The time ball mechanism was made by the company Maudslay, Sons & Field, founded by Henry Maudslay whose innovations were crucial to the industrial revolution. His contribution is now been recognised by the release of a new set of stamps ‘Pioneers of the Industrial Revolution’, that sees his name alongside the likes of James Watt and George Stephenson.
Henry Maudslay(1771 – 1831) is regarded as one of the foremost pioneers in mechanical engineering, as it was his invention of precision machine tools that enabled highly accurate components to be produced on a mass scale for the first time. Amongst his inventions was a screw-cutting lathe, machinery to mass produce pulley-blocks for the Royal Navy, calico-printing equipment and machinery for the Royal Mint.
Using his skills he set up his own firm, which on his death became known as Maudslay, Sons & Field.

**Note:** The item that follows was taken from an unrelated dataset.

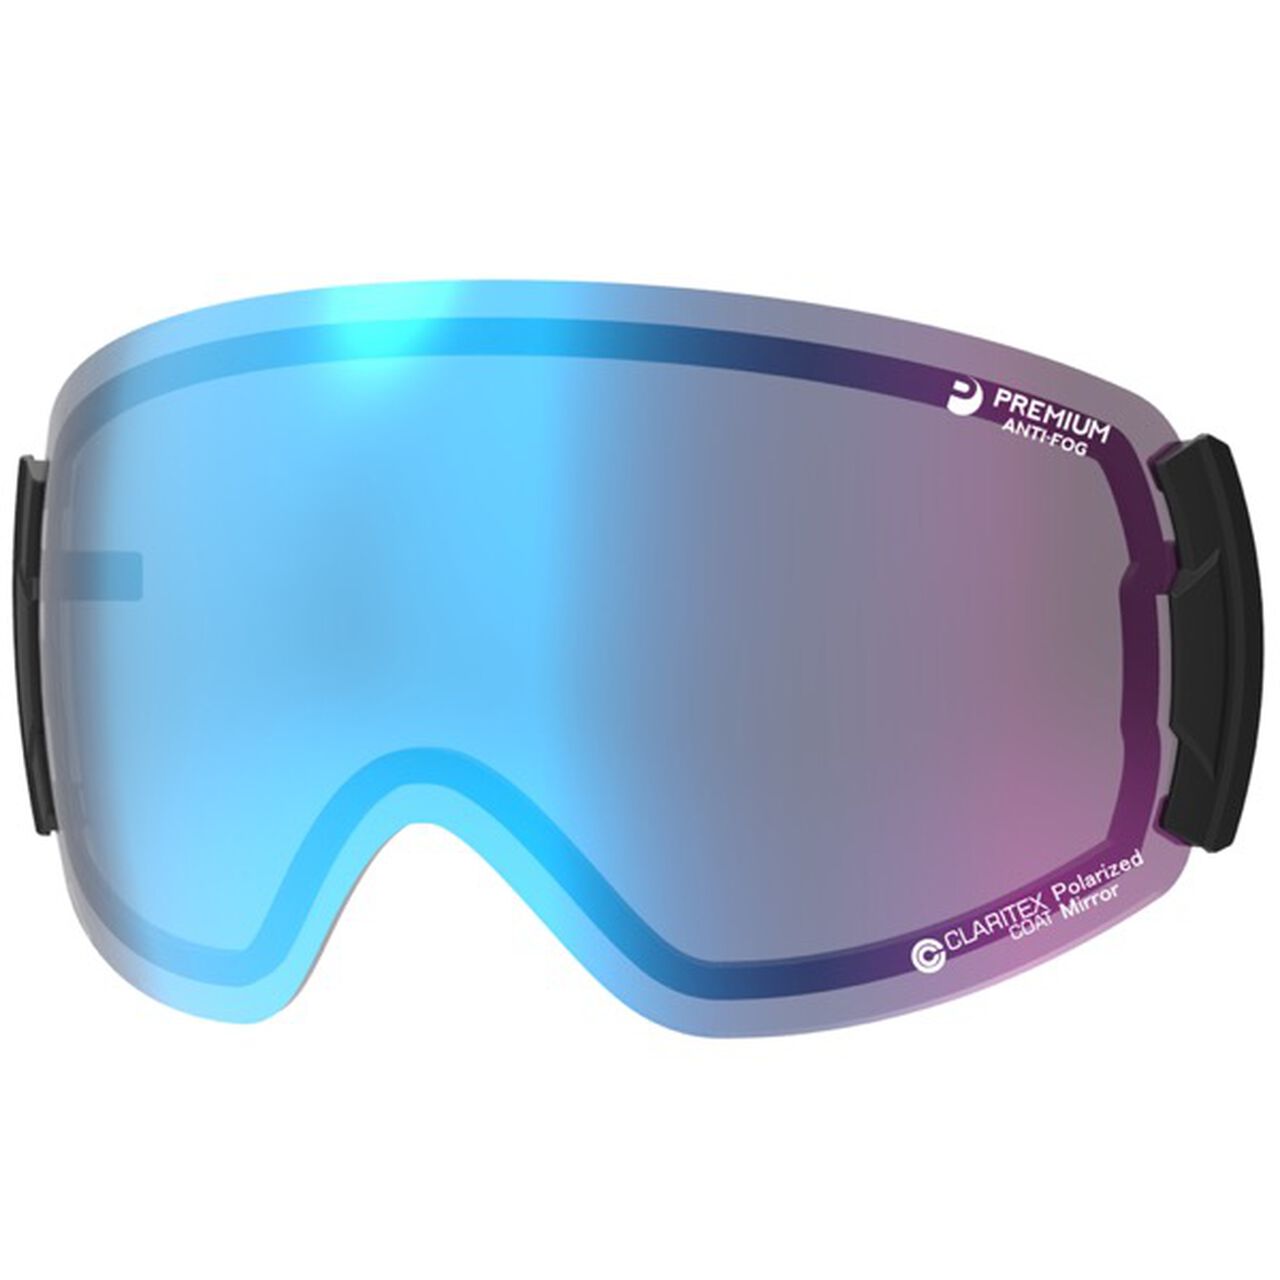 LRV-1155 Pastel blue mirror x Polarized grey for ROVO,Opt9, large image number 0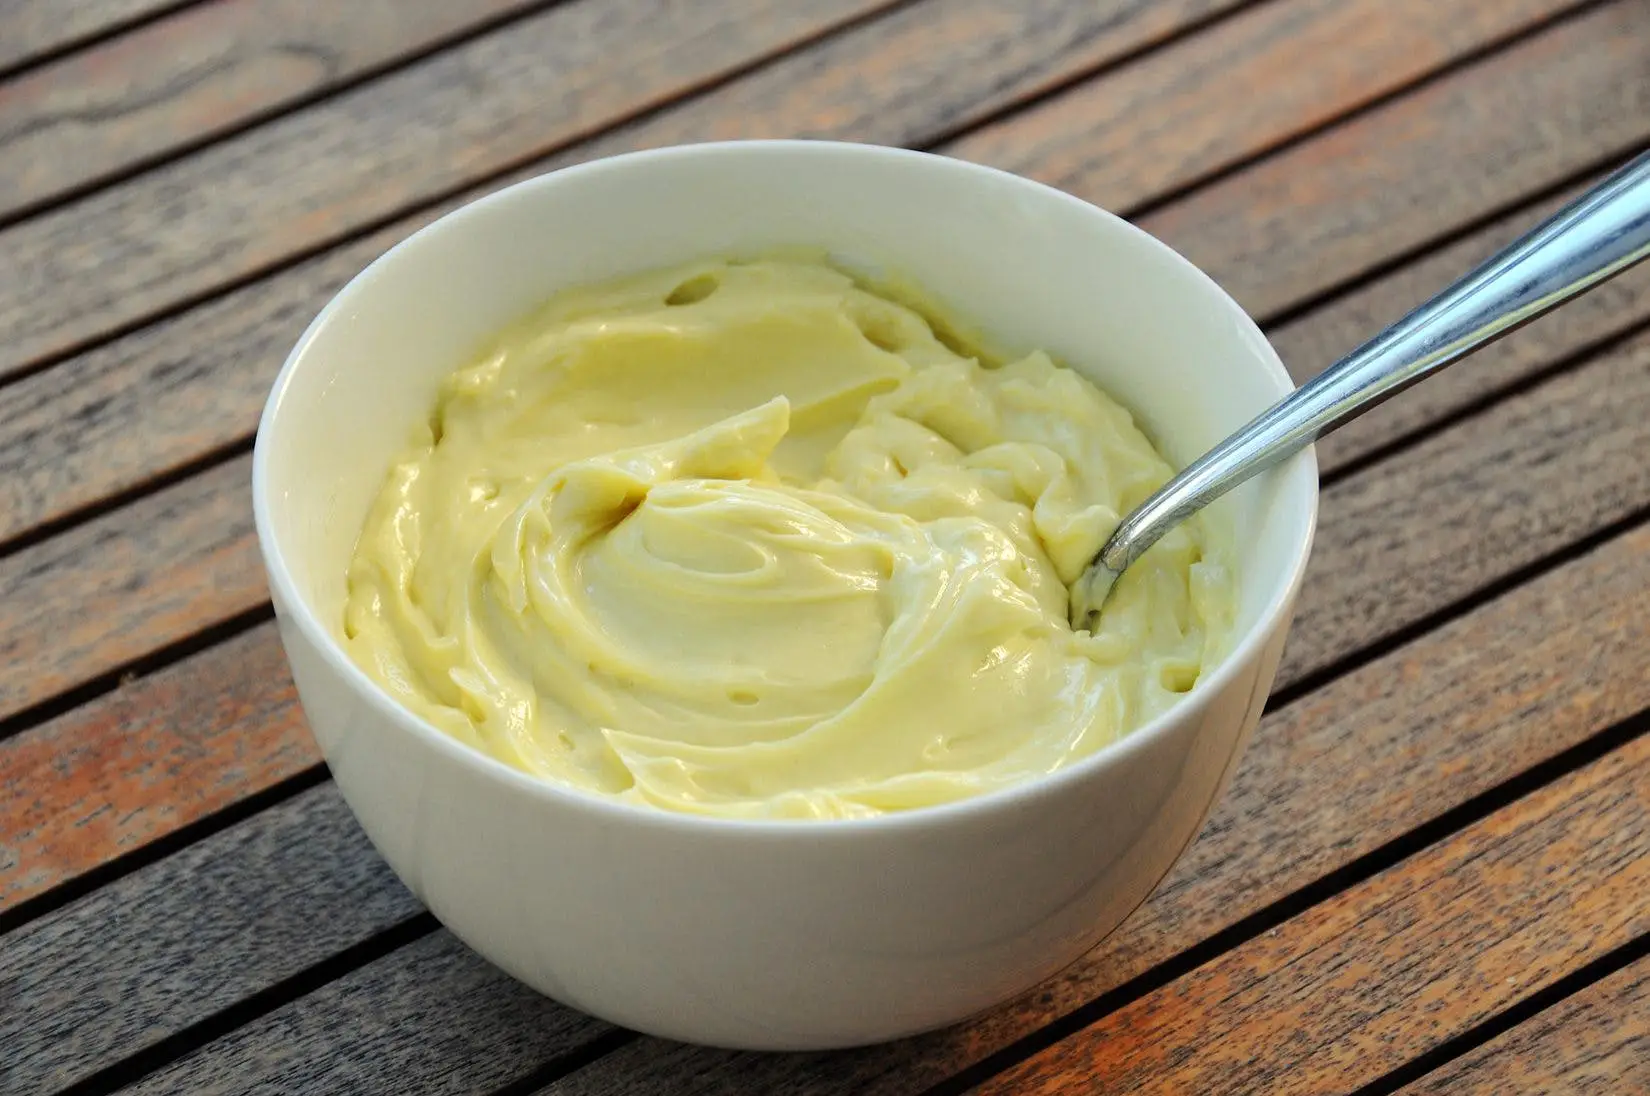 Comment rattraper une mayonnaise ?

The business flourished during the nineteenth century, and it they developed a specialism for manufacturing time ball mechanisms.
It was Maudslay’s who produced the apparatus for the first public time ball, constructed at Greenwich in 1833 (see photograph). The firm then went on to build the mechanism for Edinburgh’s time ball in 1852, followed by similar projects at South Foreland in Deal in 1853, Sydney in 1855 and the Cape of Good Hope in 1873.
The Maudslay Society was founded in 1942 by engineers who had received their early training with Maudslay Sons & Field at the end of the 1890’s. They formed the Society to ‘perpetuate and preserve the memory and work of Henry Maudslay and his associates and successor’s.